The Global Healthy Living Foundation (GHLF) has launched a study to evaluate the impact of the COVID-19 pandemic on patients with Crohn’s disease and ulcerative colitis, among other autoimmune diseases.
Known as the Autoimmune COVID-19 Project, the study seeks to understand the concerns and behaviors of patients with autoimmune conditions during the COVID-19 pandemic through a series of surveys. In addition to Crohn’s and ulcerative colitis, people with multiple sclerosis, arthritis, and vasculitis are also invited to take part in the study.
Led by CreakyJoints, GHLF’s patient community for people with arthritis, the project is a joint effort with Creaky Joints’ ArthritisPower Research Registry and three other patient research networks — IBD Partners, iConquerMS, and the Vasculitis Patient-Powered Research Network. These four groups are collectively known as the Autoimmune Research Collaborative (ARC), which is focused on carrying out patient-centered research in autoimmune and systemic inflammatory diseases.
“Patient surveys collected at regular intervals will study patients’ respiratory illness symptoms, experiences of COVID-19 testing, modified doctor visits using telehealth, concerns and choices regarding immunosuppressive therapy, and preferred sources of information about COVID-19,” Shilpa Venkatachalam, PhD, associate director of patient-centered research at CreakyJoints and co-principal investigator of ArthritisPower, said in a press release.
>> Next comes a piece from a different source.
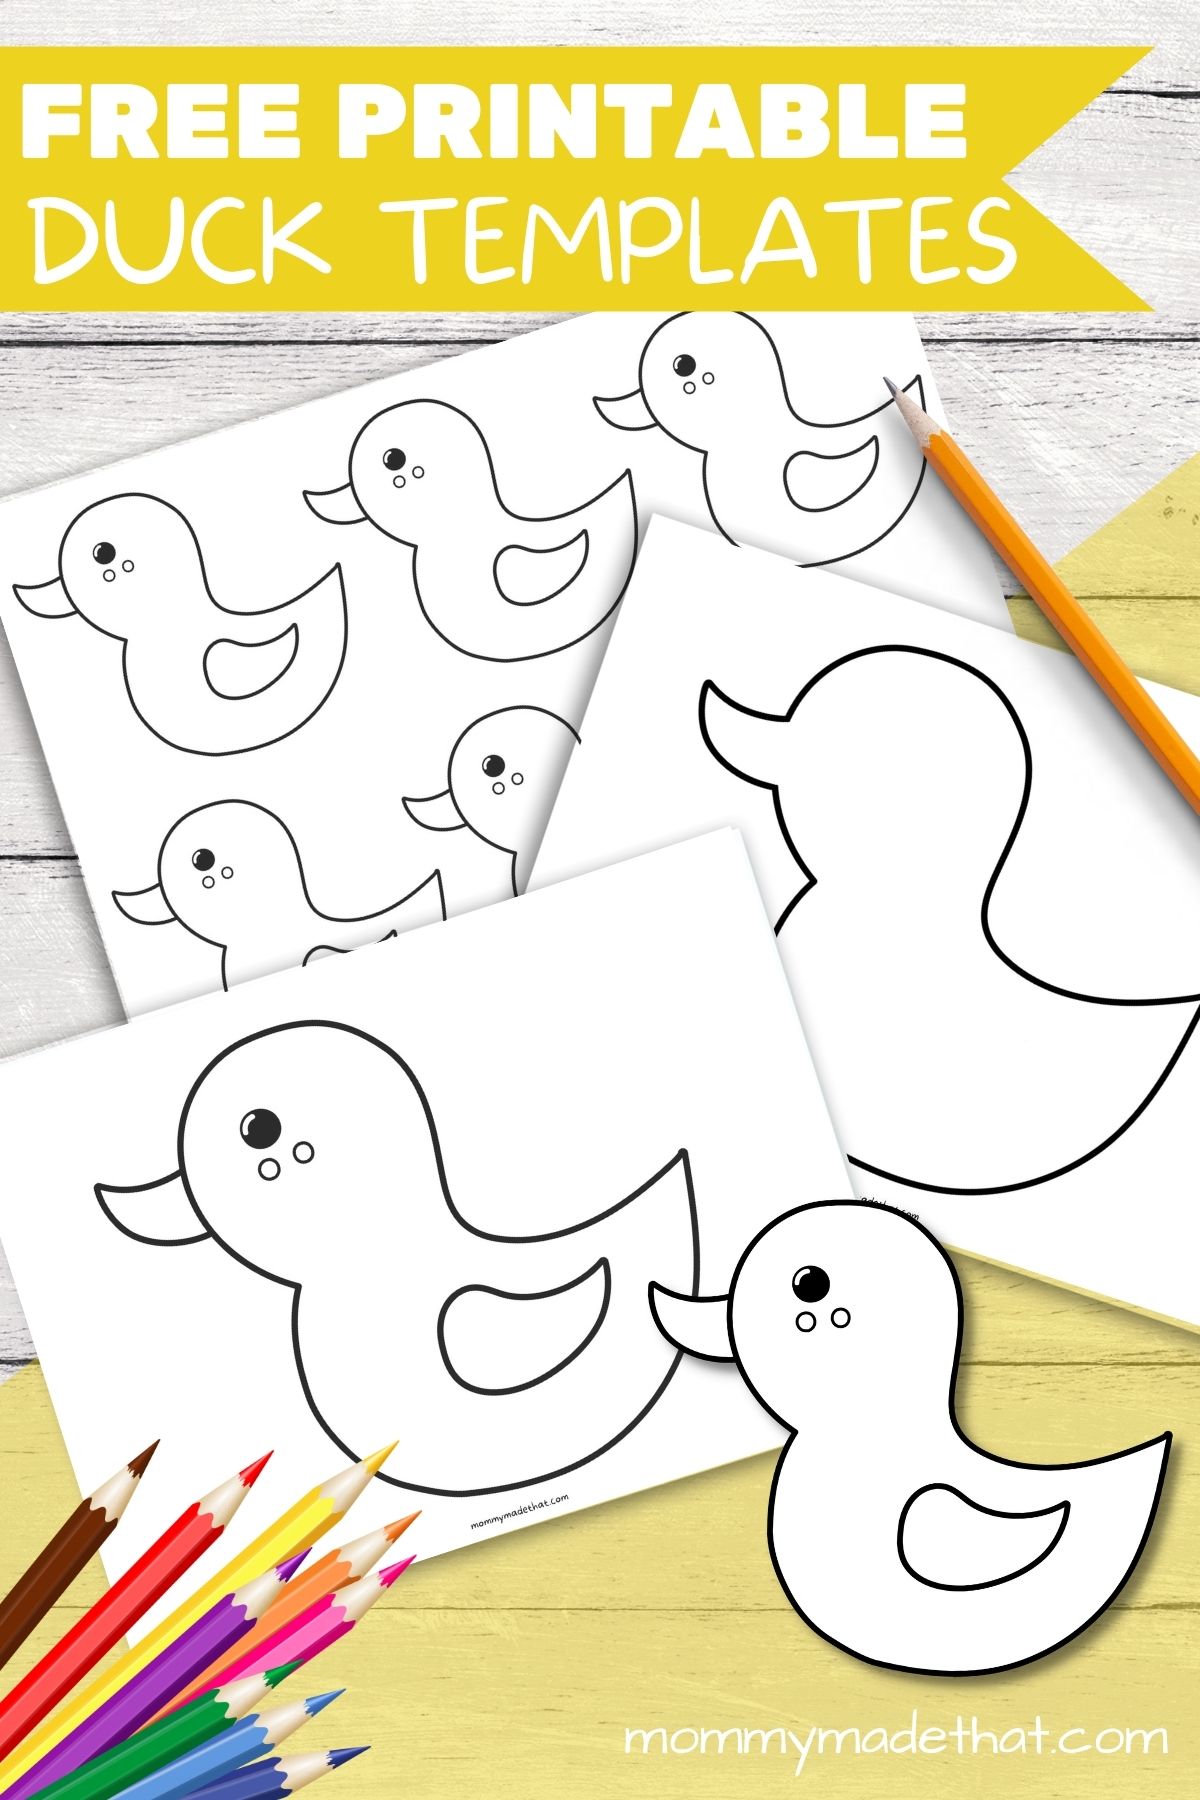 Free Printable Duck Templates for Ducky Crafts and Fun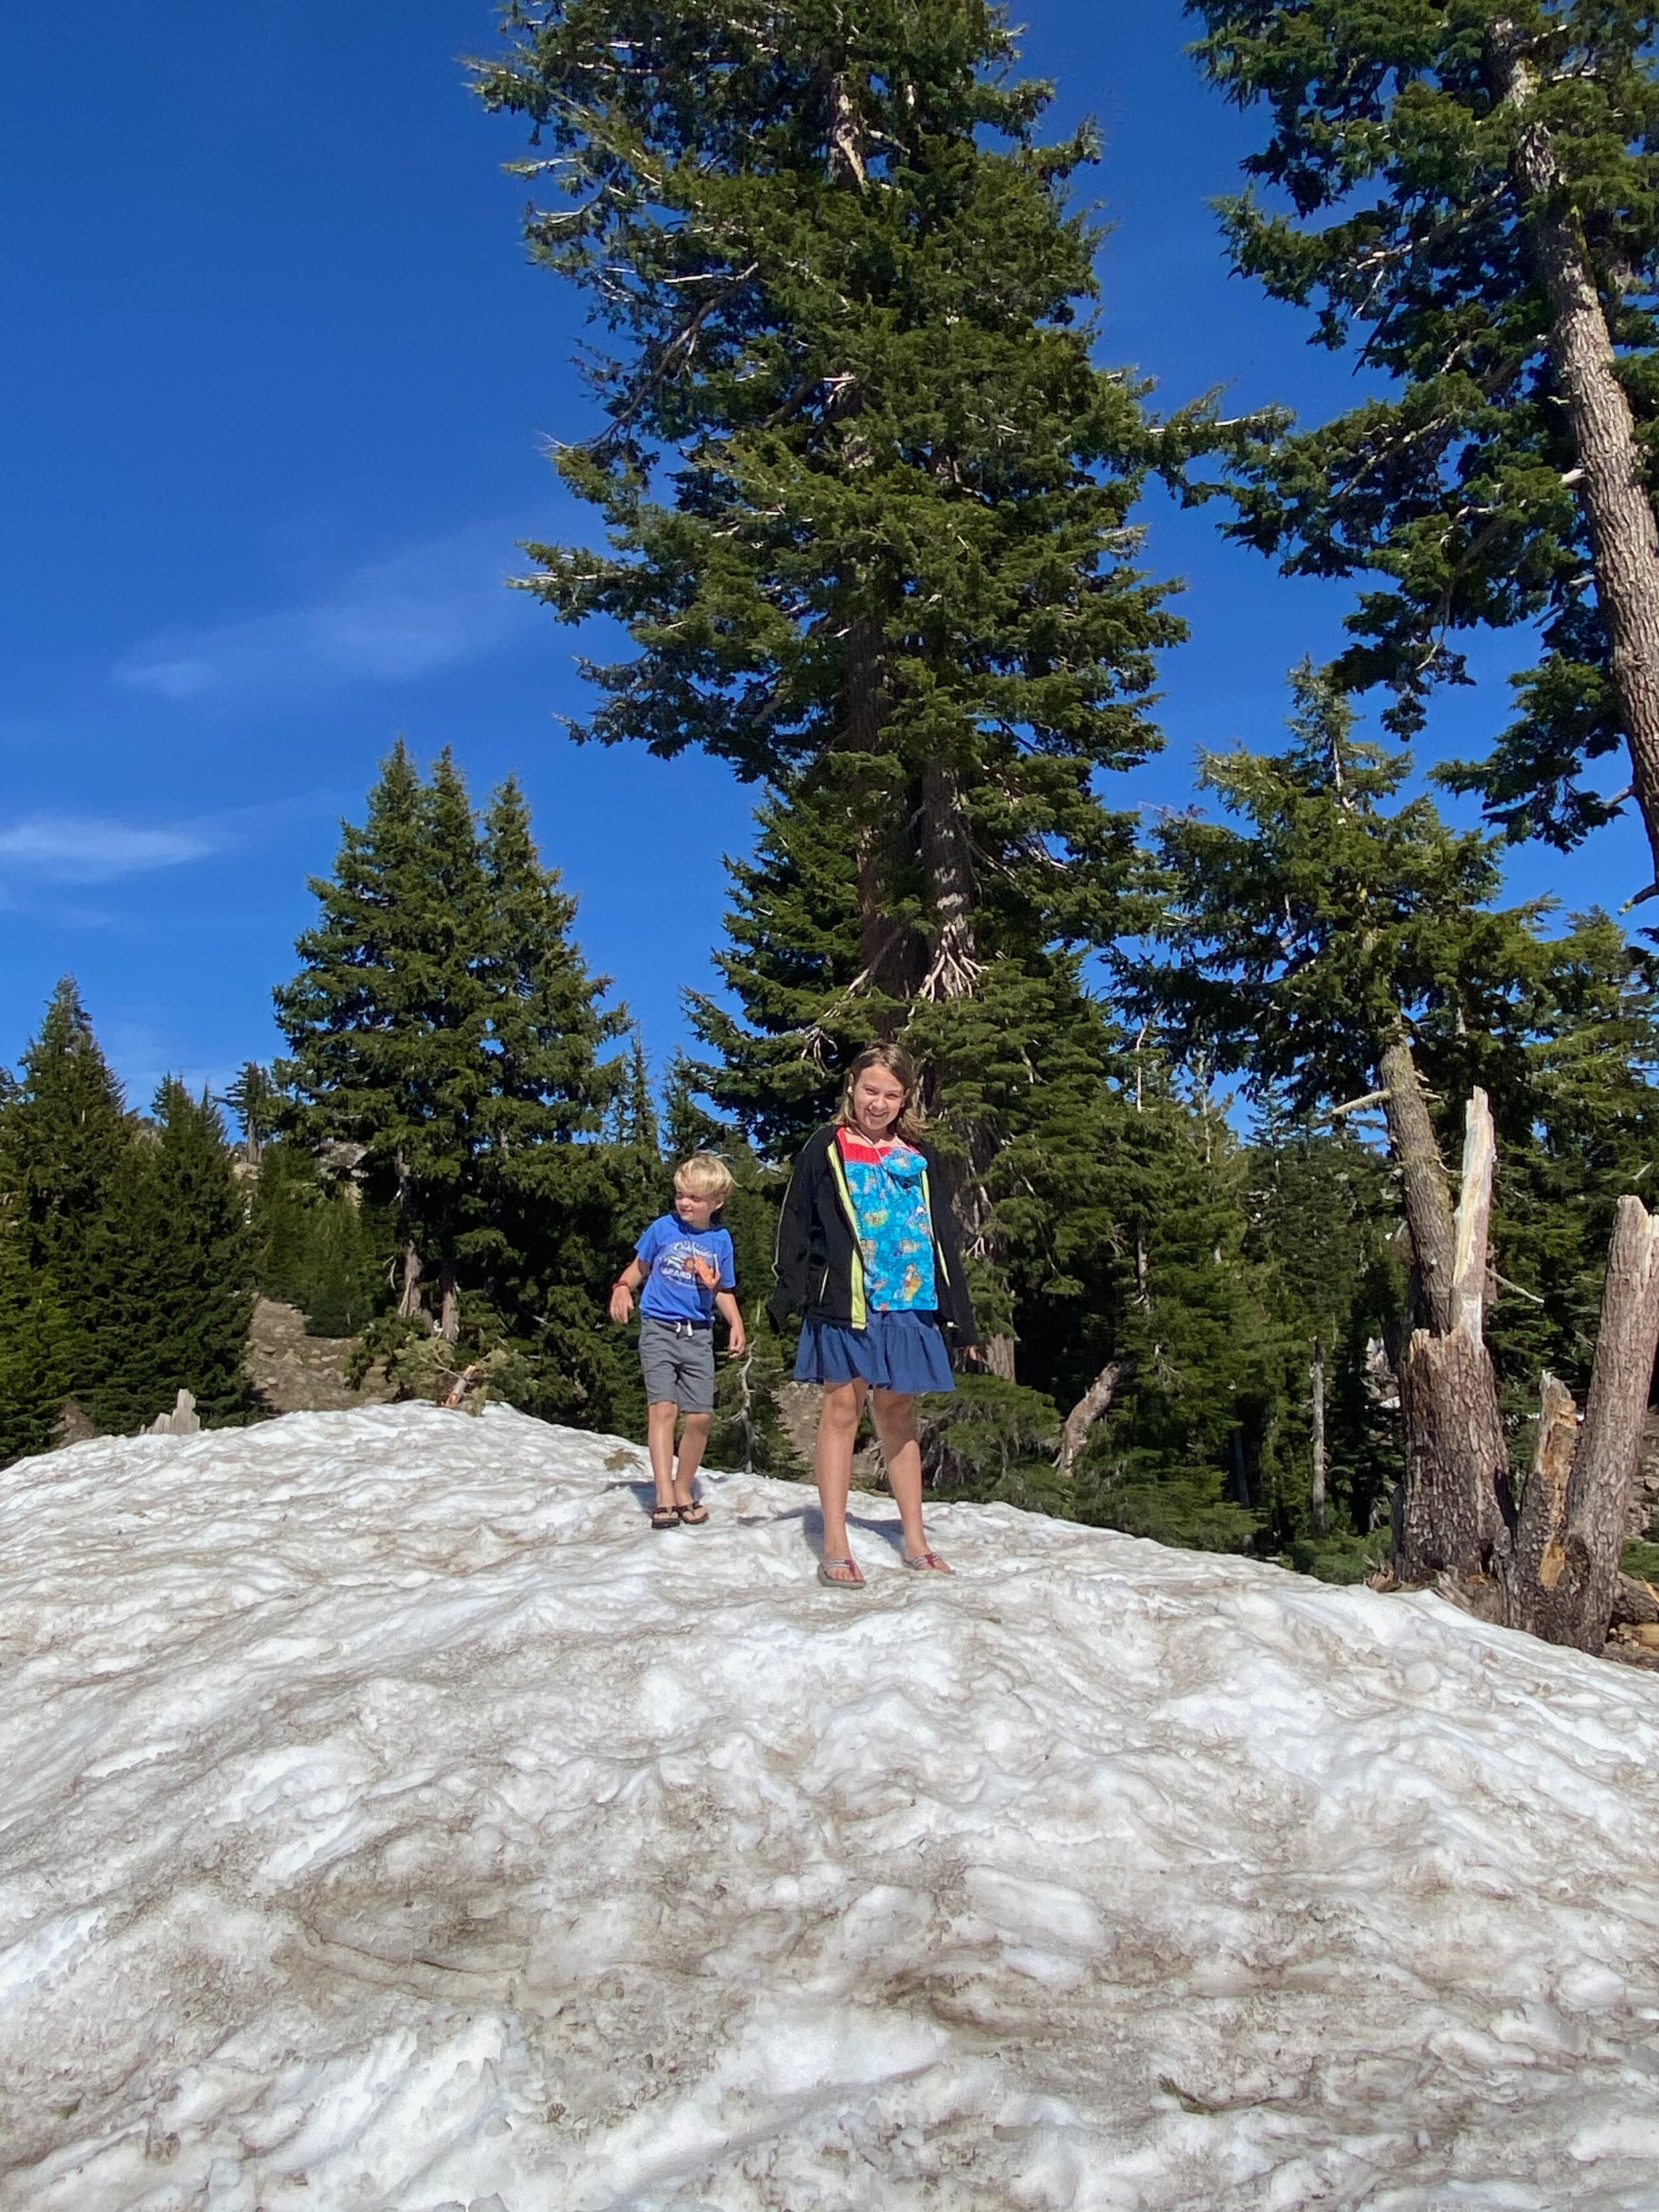 The kids were thrilled to see the snow and we couldn’t hold them back from getting out on to it briefly.  Photo by Karen Boudreaux, June 5, 2021

Participants will be asked to complete surveys, each taking less than 10 minutes to complete, every two weeks in the first two months, and then again at six and 12 months.
The Autoimmune COVID-19 Project is being conducted in both English and Spanish, and is targeted for patients living in the U.S. and Canada. The study has received independent institutional review board approval.
Patients with Crohn’s disease or ulcerative colitis can join the project via IBD Partners here.
Data collected in the Autoimmune COVID-19 Project will be aggregated and analyzed to describe the experiences and perceptions of patients across different autoimmune conditions. It will also help to assess the risks of different immunosuppressive treatments, and how common COVID-19 infection is in patients with autoimmune diseases.
“We intend for the patient-facing questions asked in our COVID-19 registry to complement the data being gathered by physician-facing registries by collecting information only patients can provide,” said Michael George, MD, lead investigator of the study and assistant professor of medicine and epidemiology at the Hospital of the University of Pennsylvania.
“Our common objective is to help generate knowledge that can inform physicians and policymakers about how best to care for these vulnerable patients, especially during an infectious disease outbreak,” he added.
Information collected through the project may help optimize patient support and shared decision-making about the management and treatment of autoimmune diseases in the context of an infectious disease pandemic.
“We need information about the impact of COVID-19 on patients with autoimmune, rheumatic, and related conditions in order to provide support for health decision making, especially given the heightened risks associated with a highly transmissible infection,” Venkatachalam said.
So far, more than 2,000 registry members of the patient research networks have already entered the study. Recruitment will continue via email, social media, through patient portals, and other sources such as online patient registries held by networks like IBD Partners.
Summaries of the study’s results will be displayed on autoimmunecovid.org. The website will also direct patients to reliable information and updated sources. As the study progresses, the website will display a U.S./Canada map showing where people with autoimmune conditions have reported a respiratory illness (COVID-19 or others, whether or not confirmed with testing) using geolocation data shared by patients.
In addition, “CreakyJoints and partnering patient and rheumatology organizations will use well-established educational channels to disseminate findings to the patient community, … as well as to other researchers, policymakers, and health care providers,” said Seth D. Ginsberg, president and co-founder of CreakyJoints.
“Our expertise in patient-centered research allows us to execute studies relatively quickly and to keep patient communities well informed,” Ginsberg added.